BRIEF:
Could you copy every line of the data that contains "wage"?

WORKING DATA:
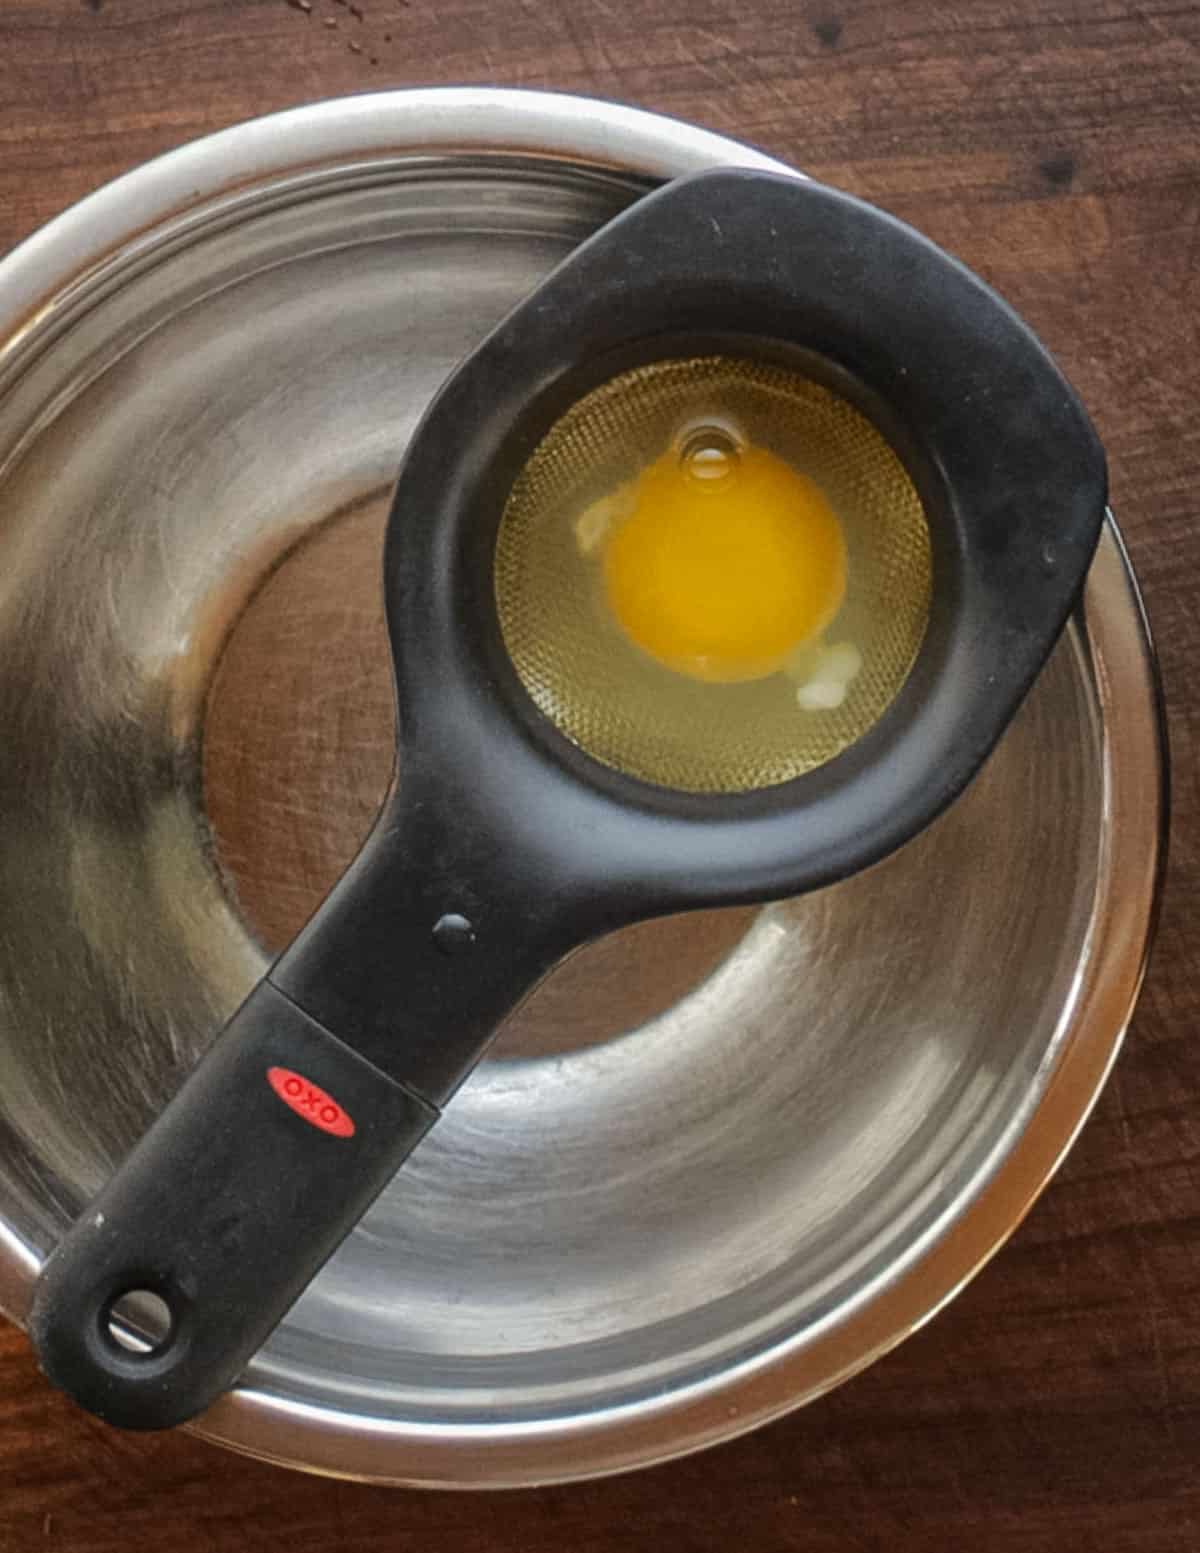 Draining an egg in a strainer before cooking.
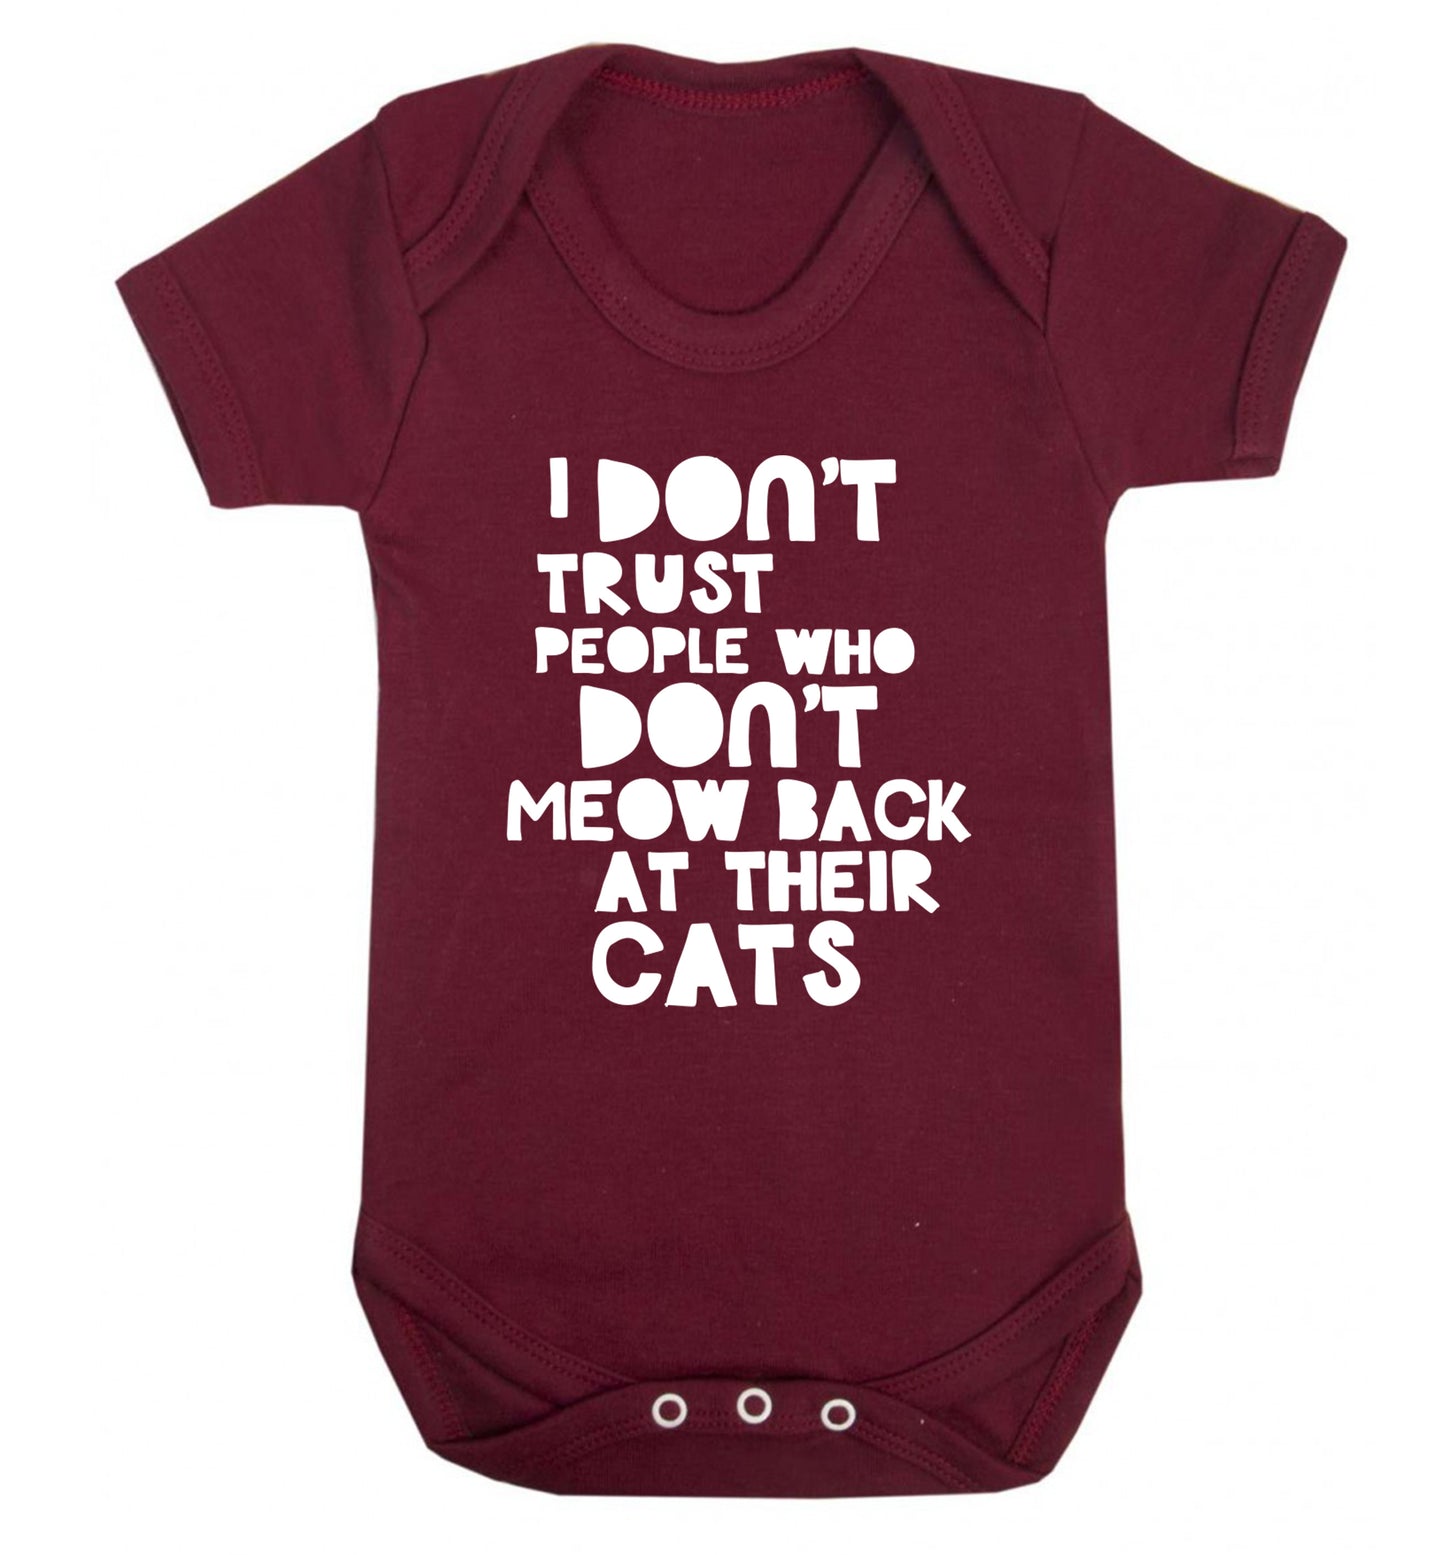 I don't trust people who don't meow back at their cats Baby Vest maroon 18-24 months
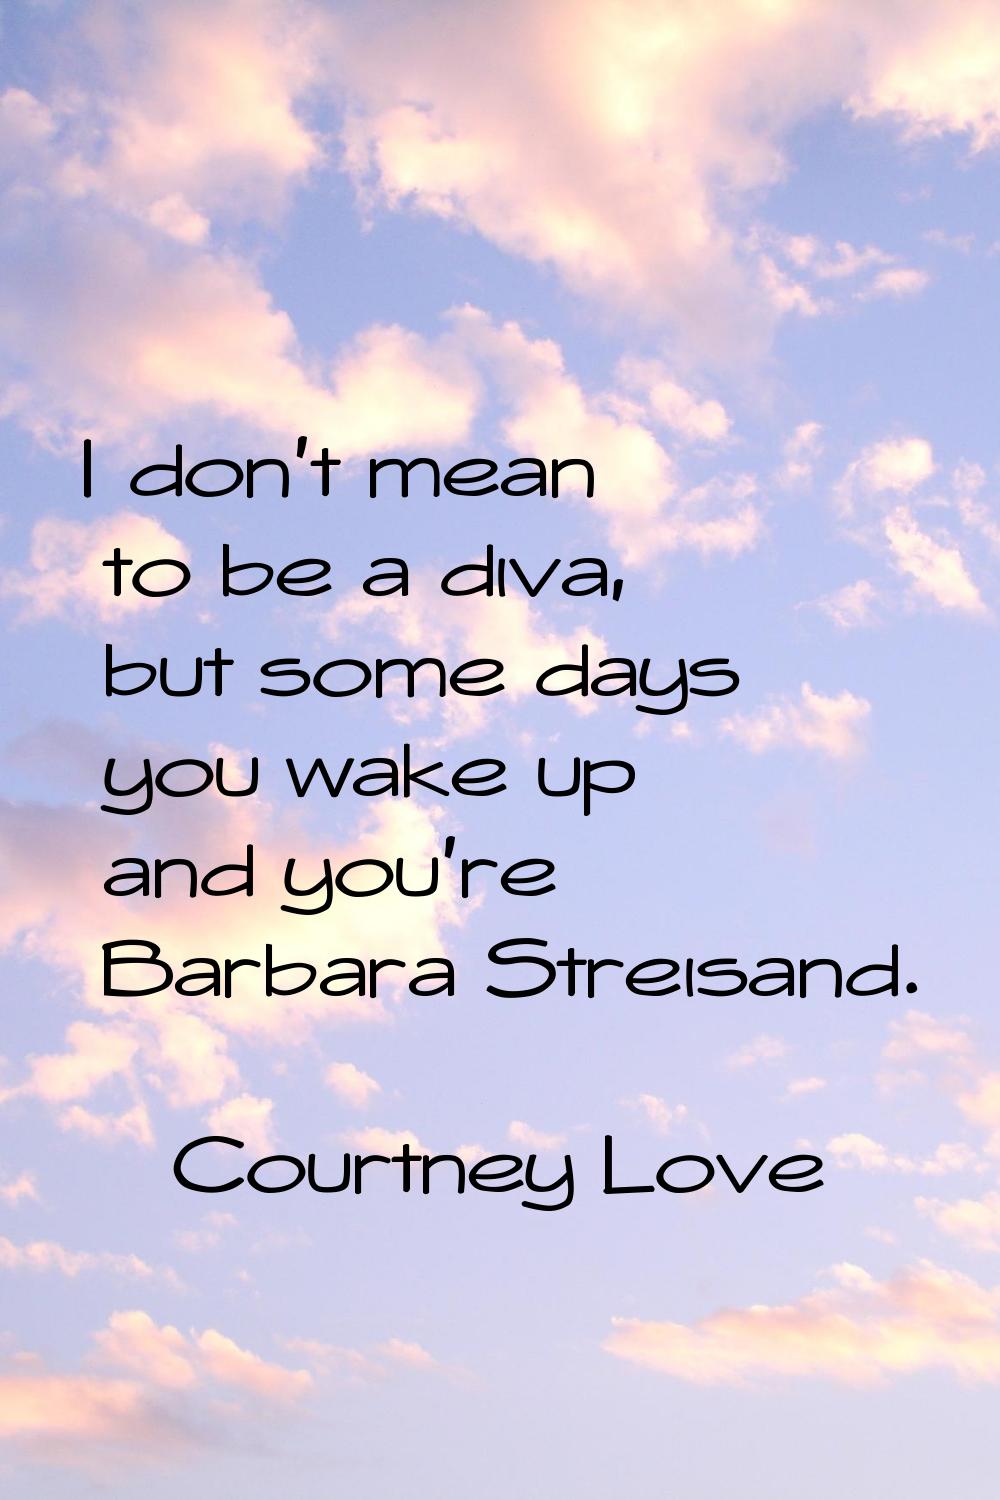 I don't mean to be a diva, but some days you wake up and you're Barbara Streisand.
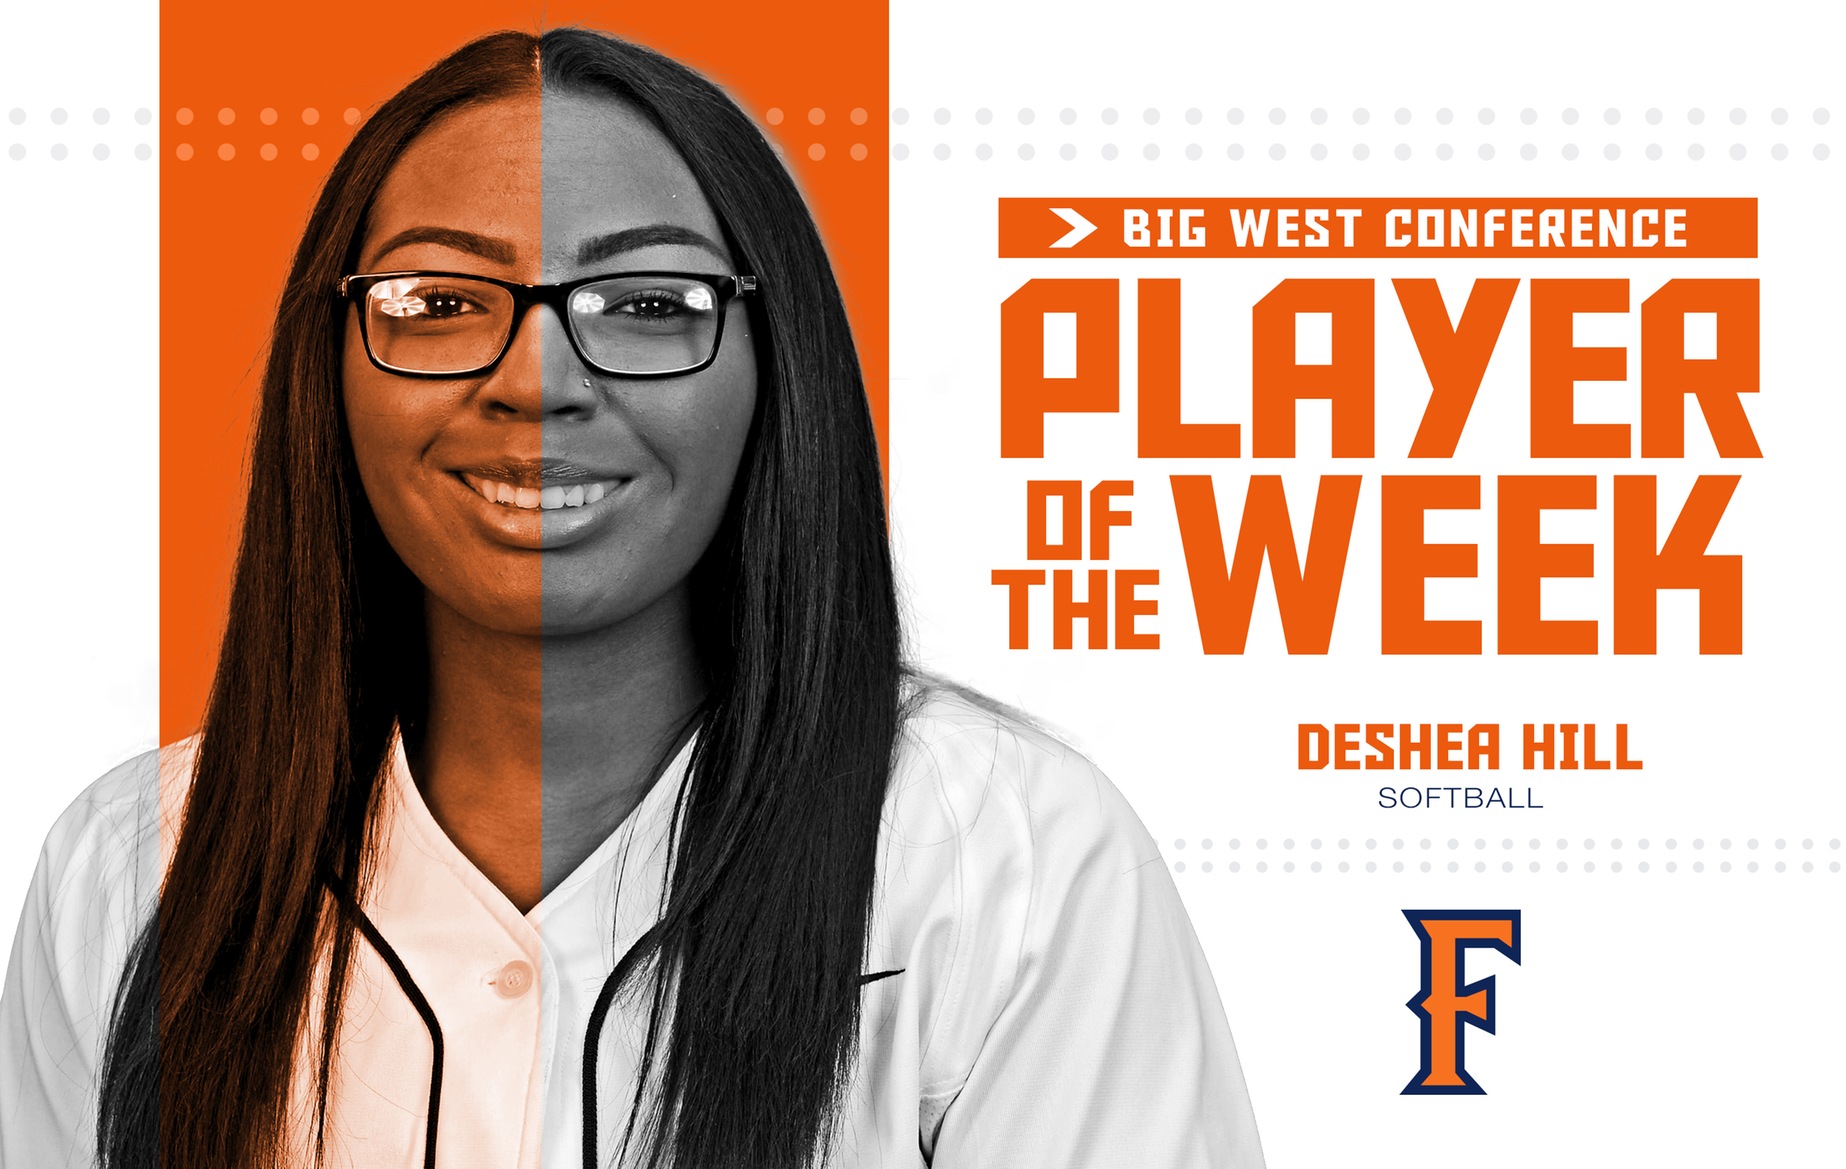 Hill Takes Home Second Big West Player of the Week Award
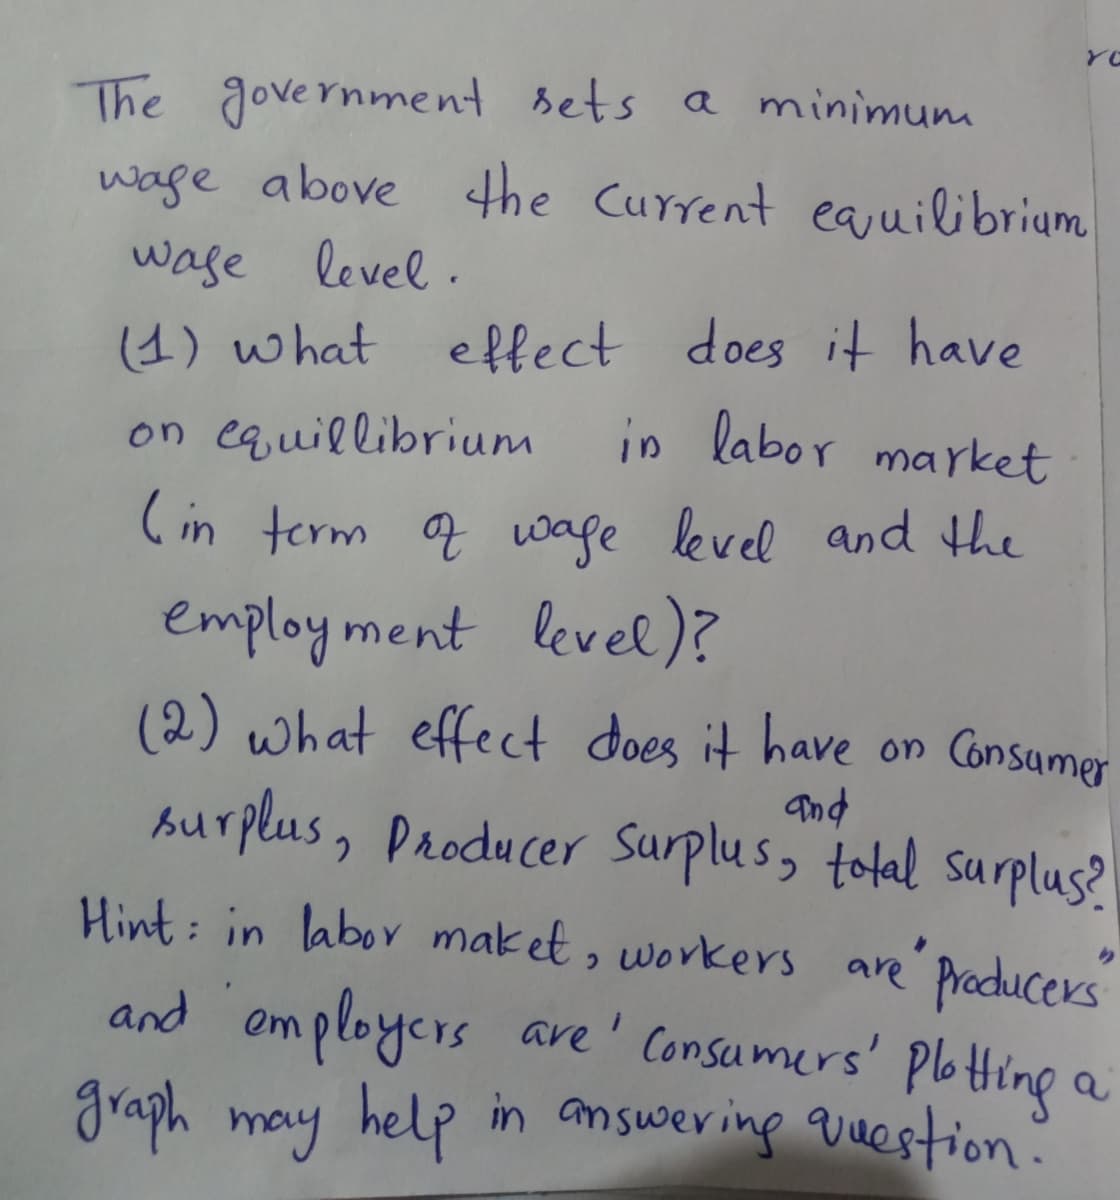 The government bets a minimum
wage above the Current eauilibrium
wase level.
effect does it have
in labor market
(4) what
on equillibrium
(in term a wage level and the
employ ment level)?
(2) what effect does it have on Consumer
burplus, Producer Surplus, tolal surplus?
and
Hint: in labor maket,
are Pracducers
and omployers are' Consumers' PlotHing a
graph may help in answering question?

ANSWER FOR THIS EXERCISE:
wage above the Current eauilibrium
(in term a wage level and the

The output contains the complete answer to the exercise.